*WORK REQUIRED*.
Reproduce the listing exactly, with no pictures in your copy.

*PROVIDED MATERIAL*.
----------

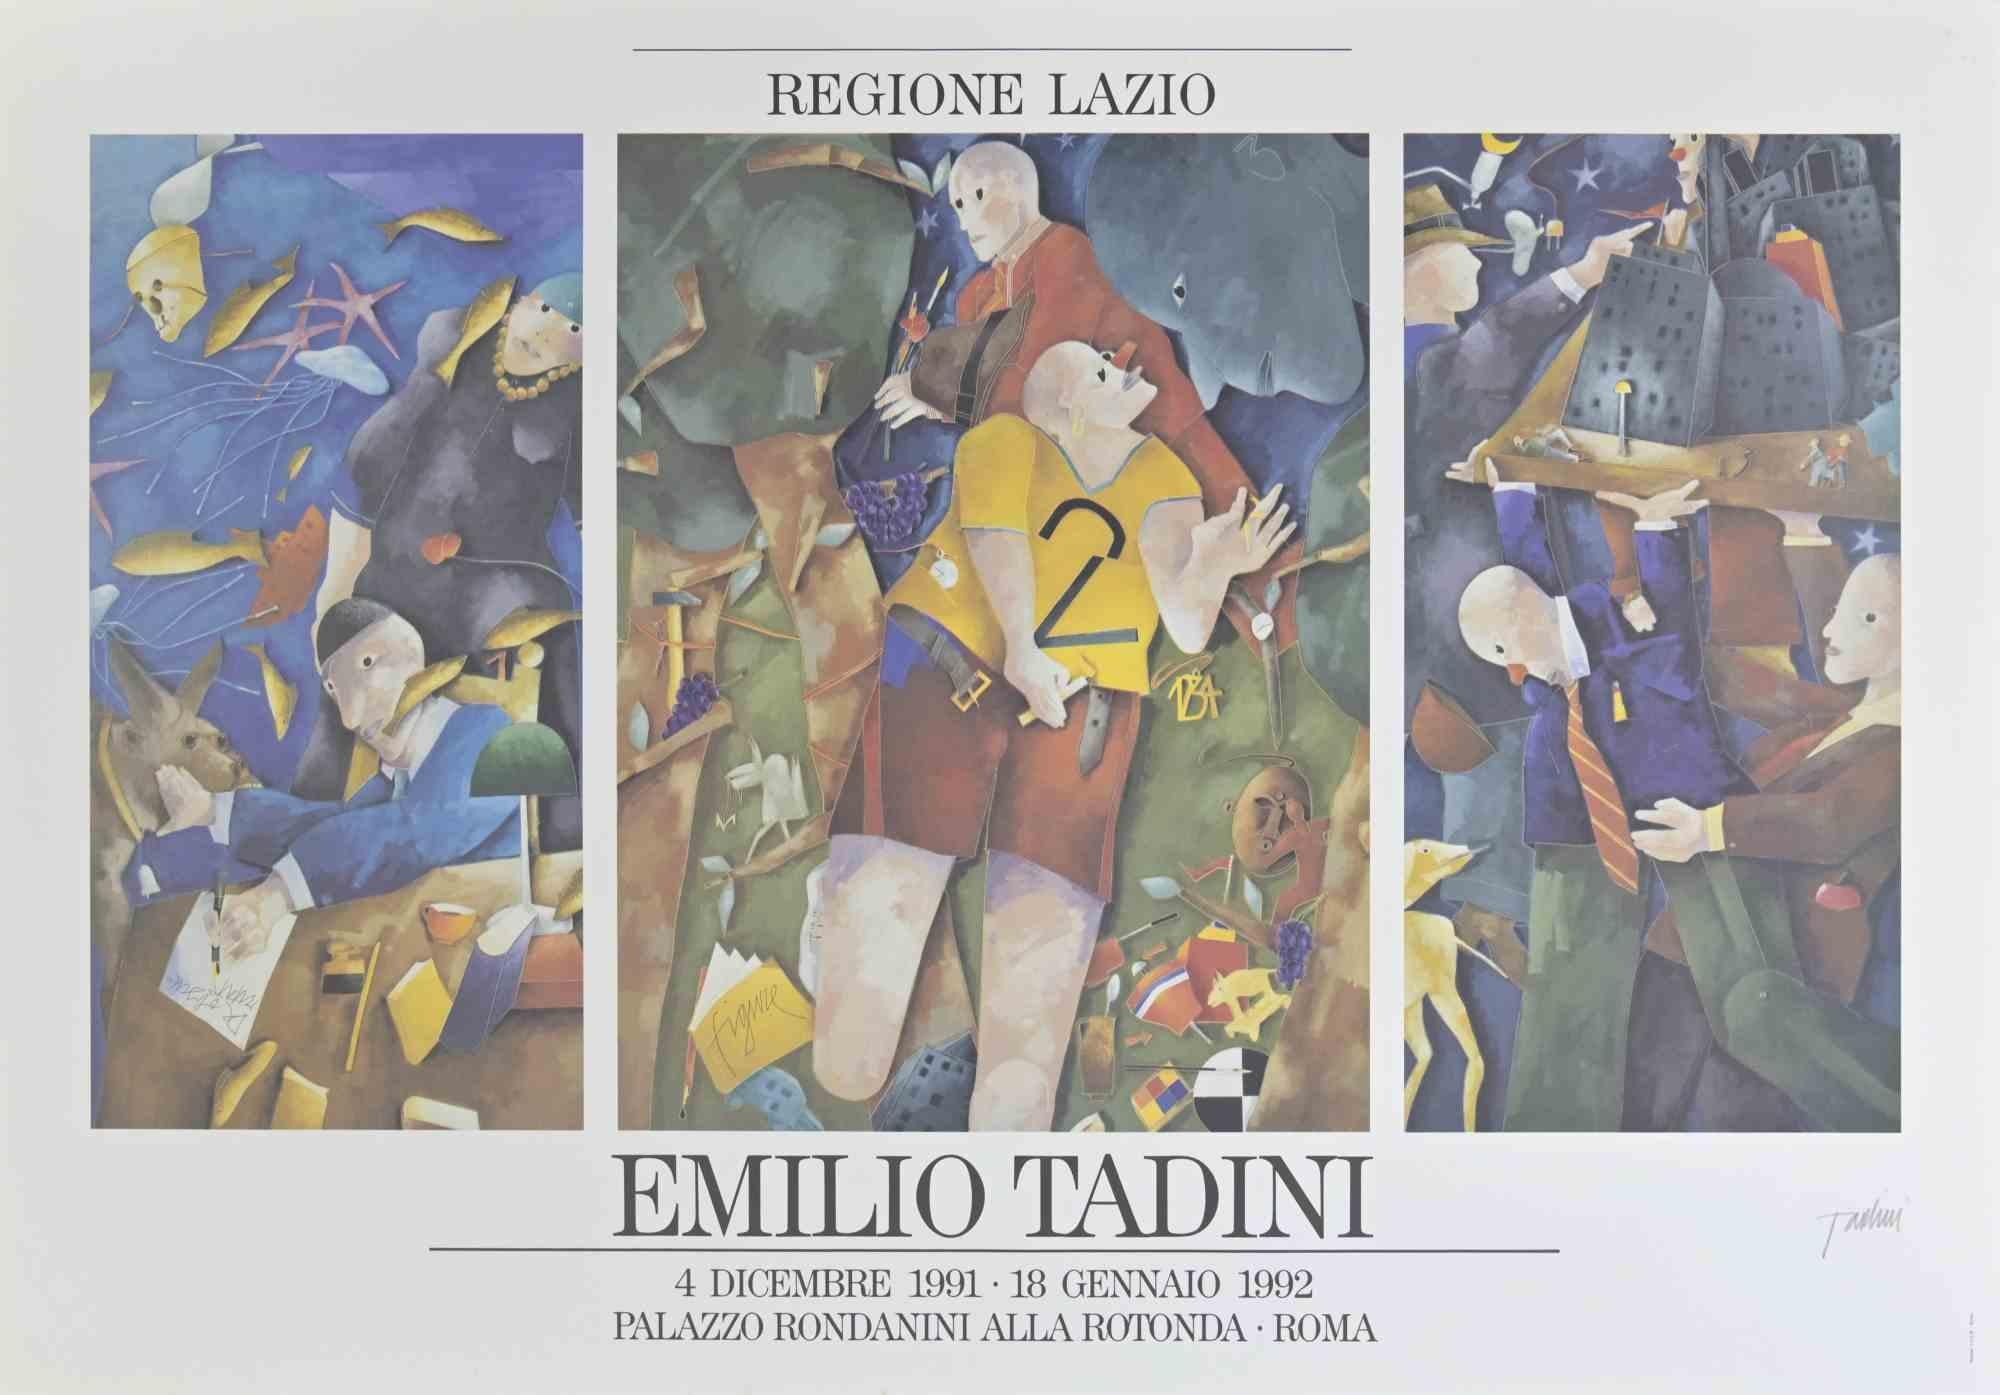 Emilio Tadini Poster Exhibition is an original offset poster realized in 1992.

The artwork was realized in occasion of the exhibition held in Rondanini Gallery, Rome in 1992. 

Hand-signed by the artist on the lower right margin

----------

*EXERCISE OUTPUT*.
 Emilio Tadini Poster Exhibition is an original offset poster realized in 1992.

The artwork was realized in occasion of the exhibition held in Rondanini Gallery, Rome in 1992. 

Hand-signed by the artist on the lower right margin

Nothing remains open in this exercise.